Measure trust like a funnel, not a feeling
Most teams assert that customers trust them and never instrument the claim. Trust leaves a data trail, and every signal in it is a number you already own. Watch these five:
- Consent and opt-in rate by channel — the share of customers who say yes when you ask permission. A falling rate means the ask has drifted away from the value you return.
- Preference-center completion — how many customers specify what they want, how often, and on which channels. Empty fields are abstentions, not missing data.
- Accuracy of declared data — the share of loyalty and survey records that survive a campaign without bouncing or contradicting observed behavior.
- Opt-down rate — customers who reduce frequency instead of leaving are telling you the exchange still works but the volume does not.
- Feedback and support volume — customers stop telling you things when they stop believing it changes anything.
The trap is measuring volume alone: rows captured, profiles enriched, records appended. A database that grows while consent and accuracy trend downward is not an asset — it is a liability with good marketing.

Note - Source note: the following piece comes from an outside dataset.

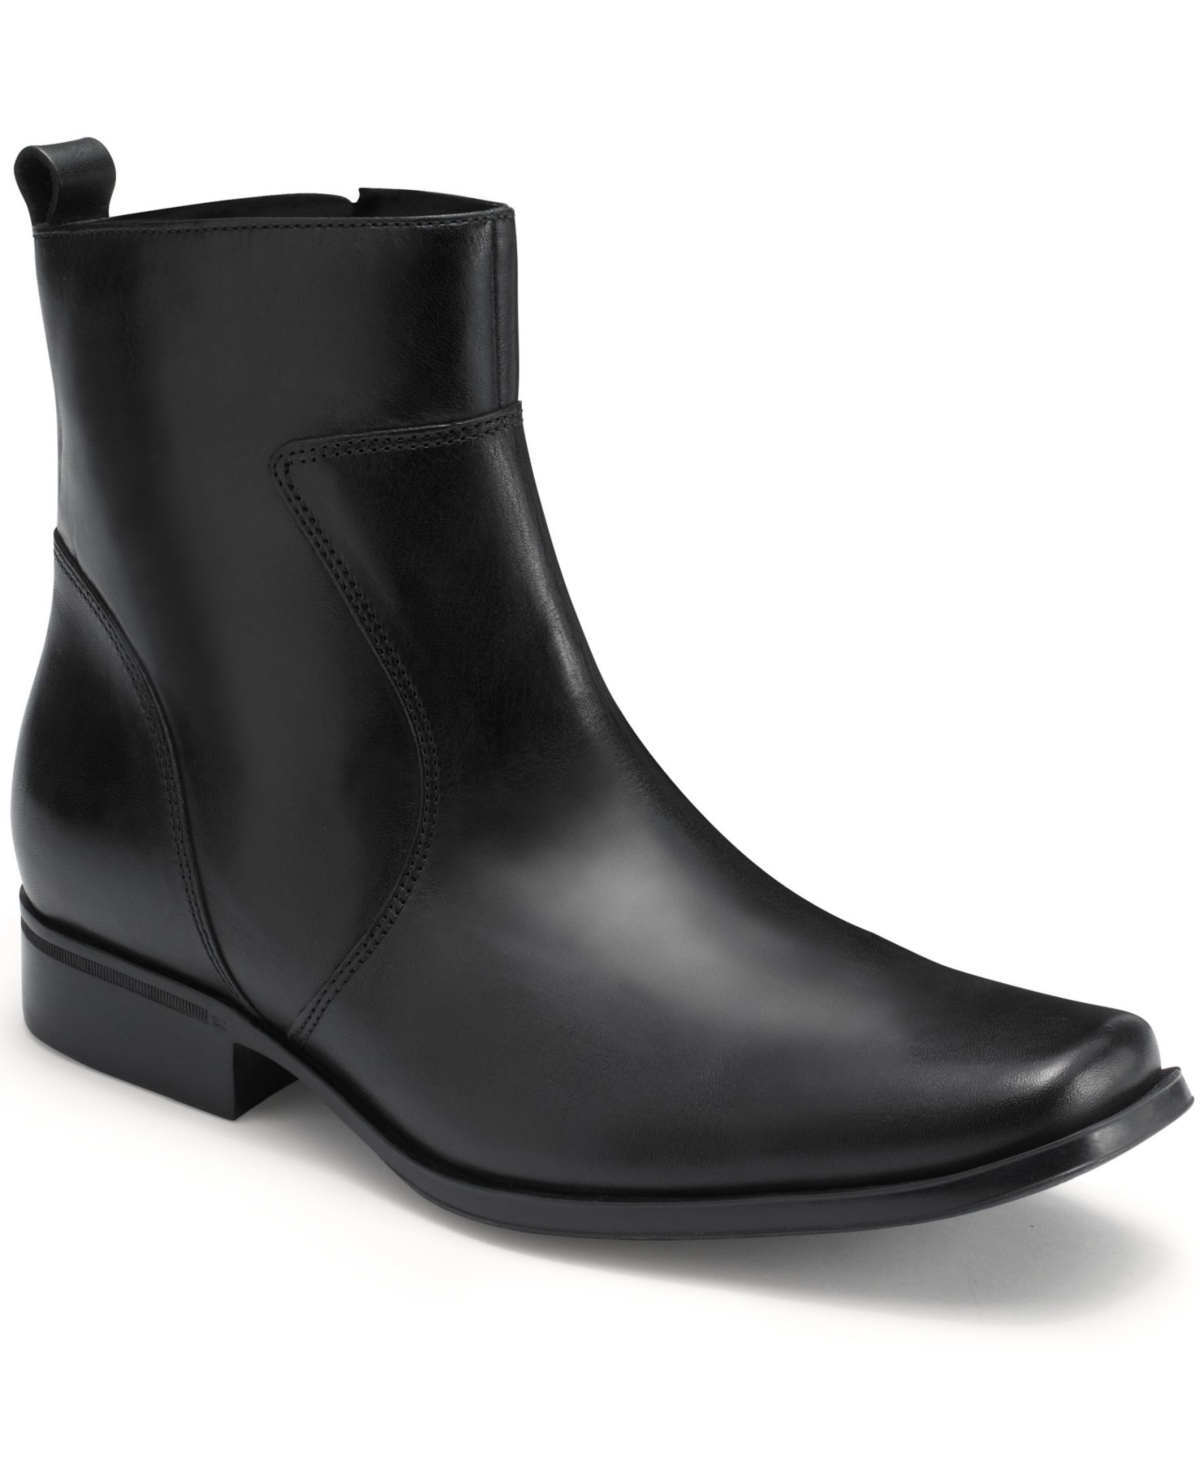 Men's Toloni Boots - Black

Read the five signals together, quarterly, and let a worsening trend change what you collect, not just what you send.
FAQ
How do you rebuild customer trust after a data breach?
Rebuild trust after a data breach by disclosing fast, explaining in plain language what happened and what you changed, and treating recovery as a multi-year record of consistent behavior rather than a campaign. Notify affected customers directly instead of letting them learn about it from the news, pair the notice with the specific controls you added, and honor every preference they set afterward — the months following an incident are when customers test whether your promises hold.
Does collecting less data hurt personalization?
No — accurate, permissioned data personalizes better than a large set you cannot keep current. Personalization fails on stale and wrongly inferred attributes, not on missing ones. A profile built on declared preferences and recent behavior produces recommendations customers recognize as relevant, while a hoarded profile produces uncanny ones. Fewer fields make it easier to explain why a recommendation appeared, and the explanation turns personalization from a privacy risk into proof that sharing data was worth it.